Stored data =>
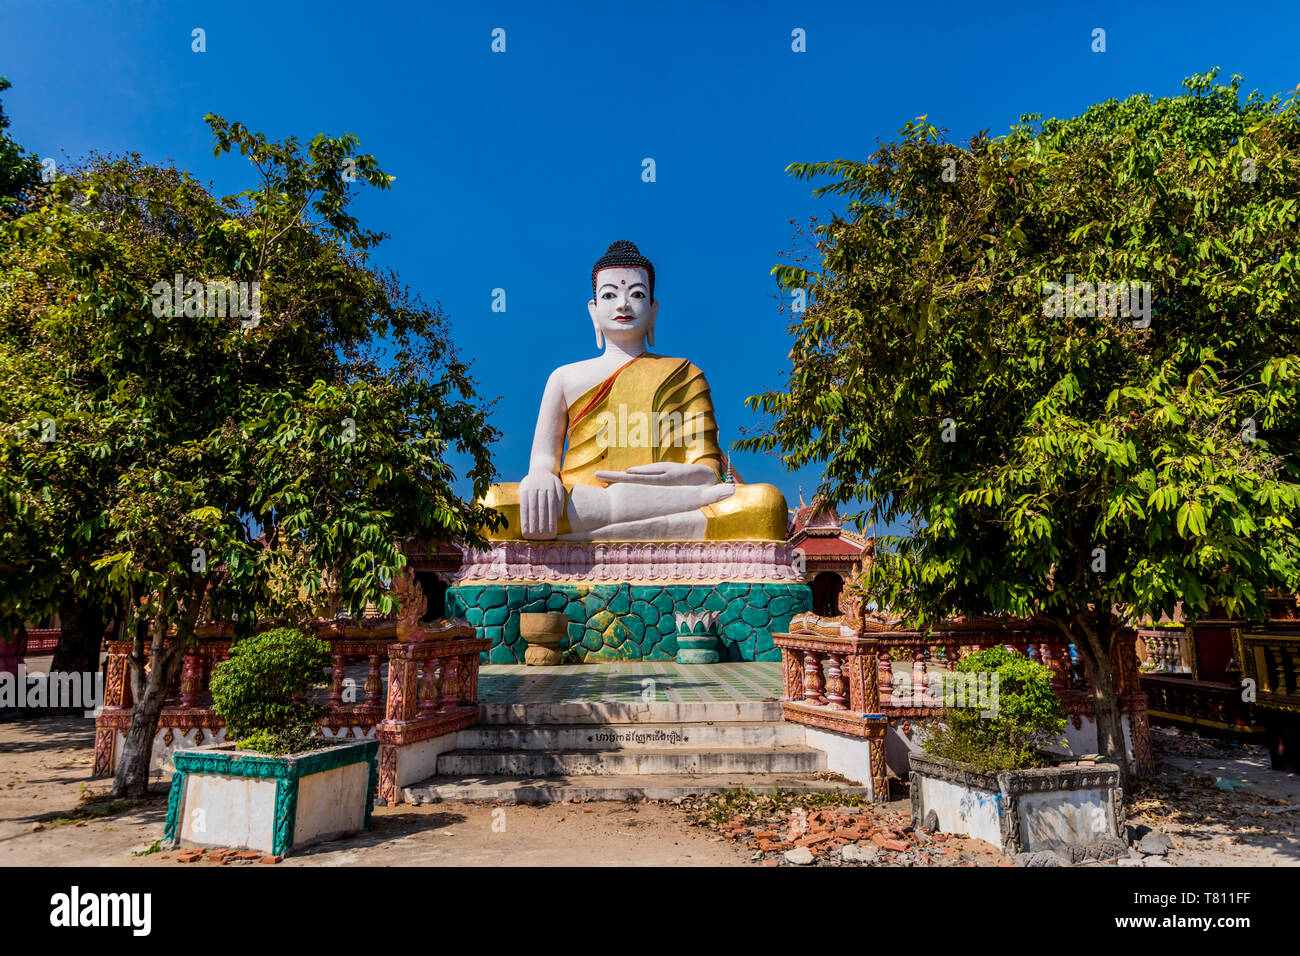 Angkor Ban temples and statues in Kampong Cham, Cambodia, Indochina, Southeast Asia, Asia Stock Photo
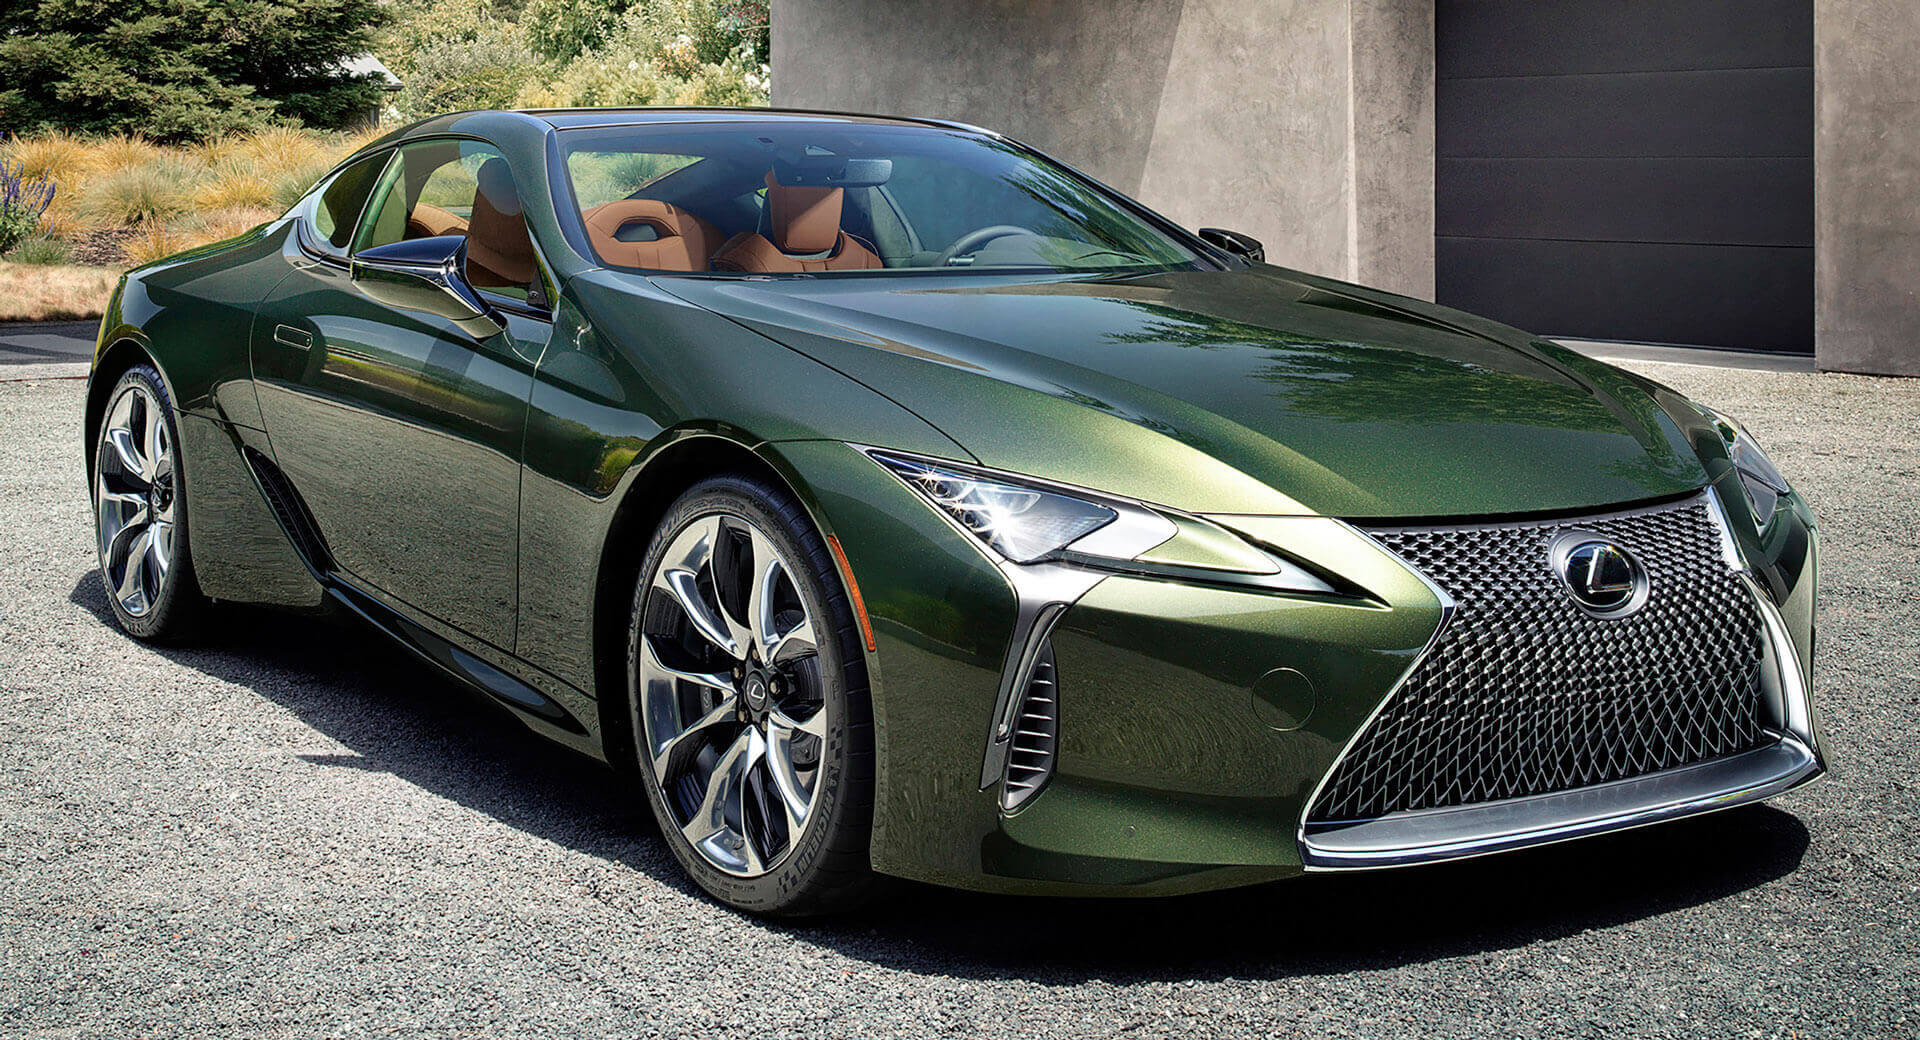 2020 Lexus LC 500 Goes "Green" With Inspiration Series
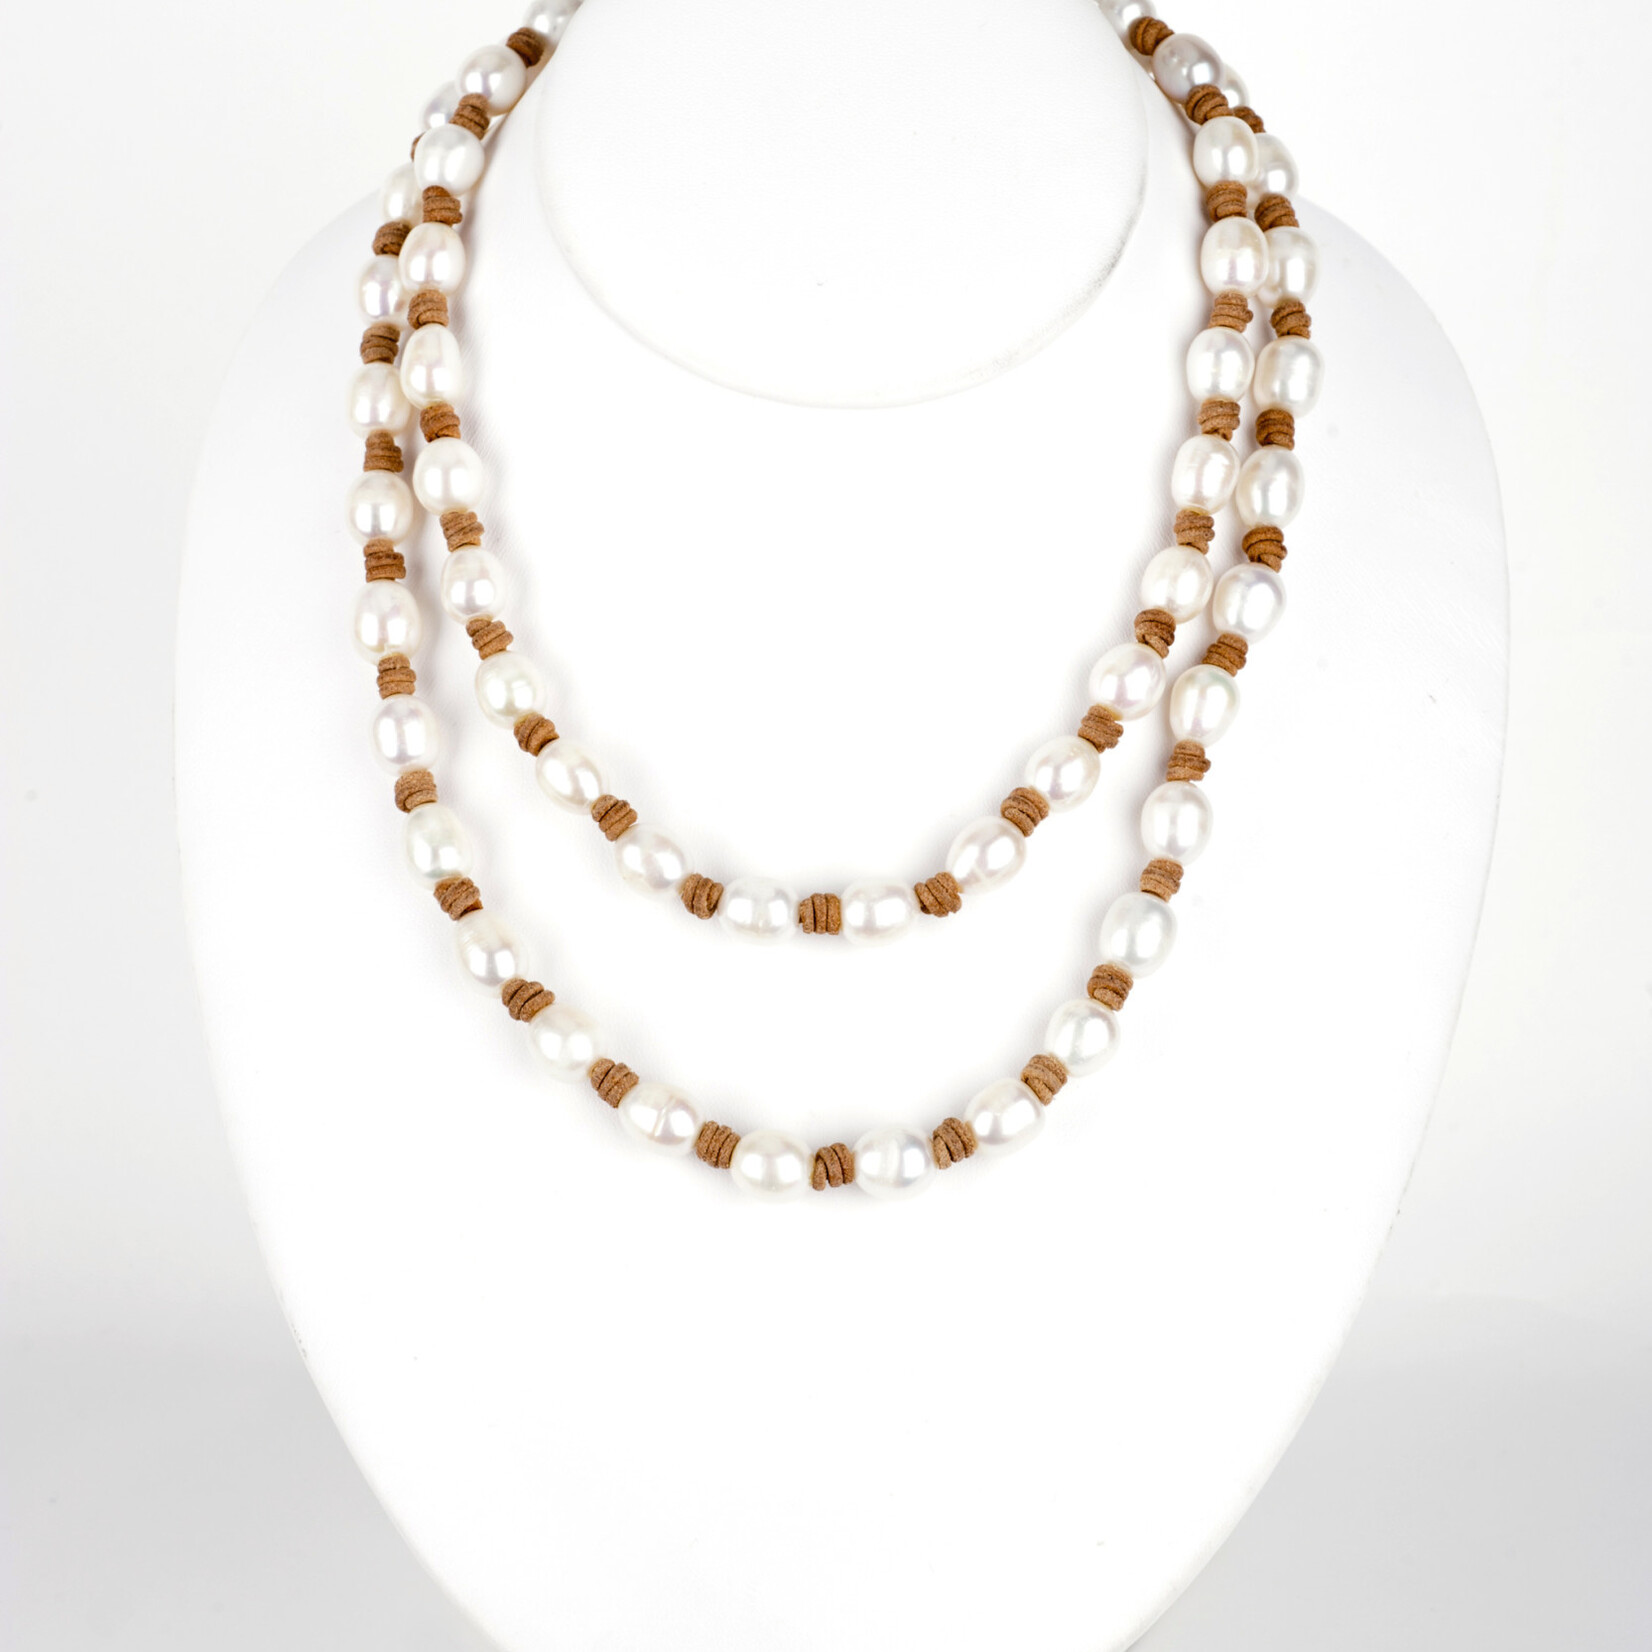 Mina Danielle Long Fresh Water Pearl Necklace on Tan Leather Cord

Exercise requirements => Every line from the one holding "2020 Lexus LC" through the final line of the data above is to be reproduced exactly, both ends included, with the pictures left out.

Result =>
 2020 Lexus LC 500 Goes "Green" With Inspiration Series
 Mina Danielle Long Fresh Water Pearl Necklace on Tan Leather Cord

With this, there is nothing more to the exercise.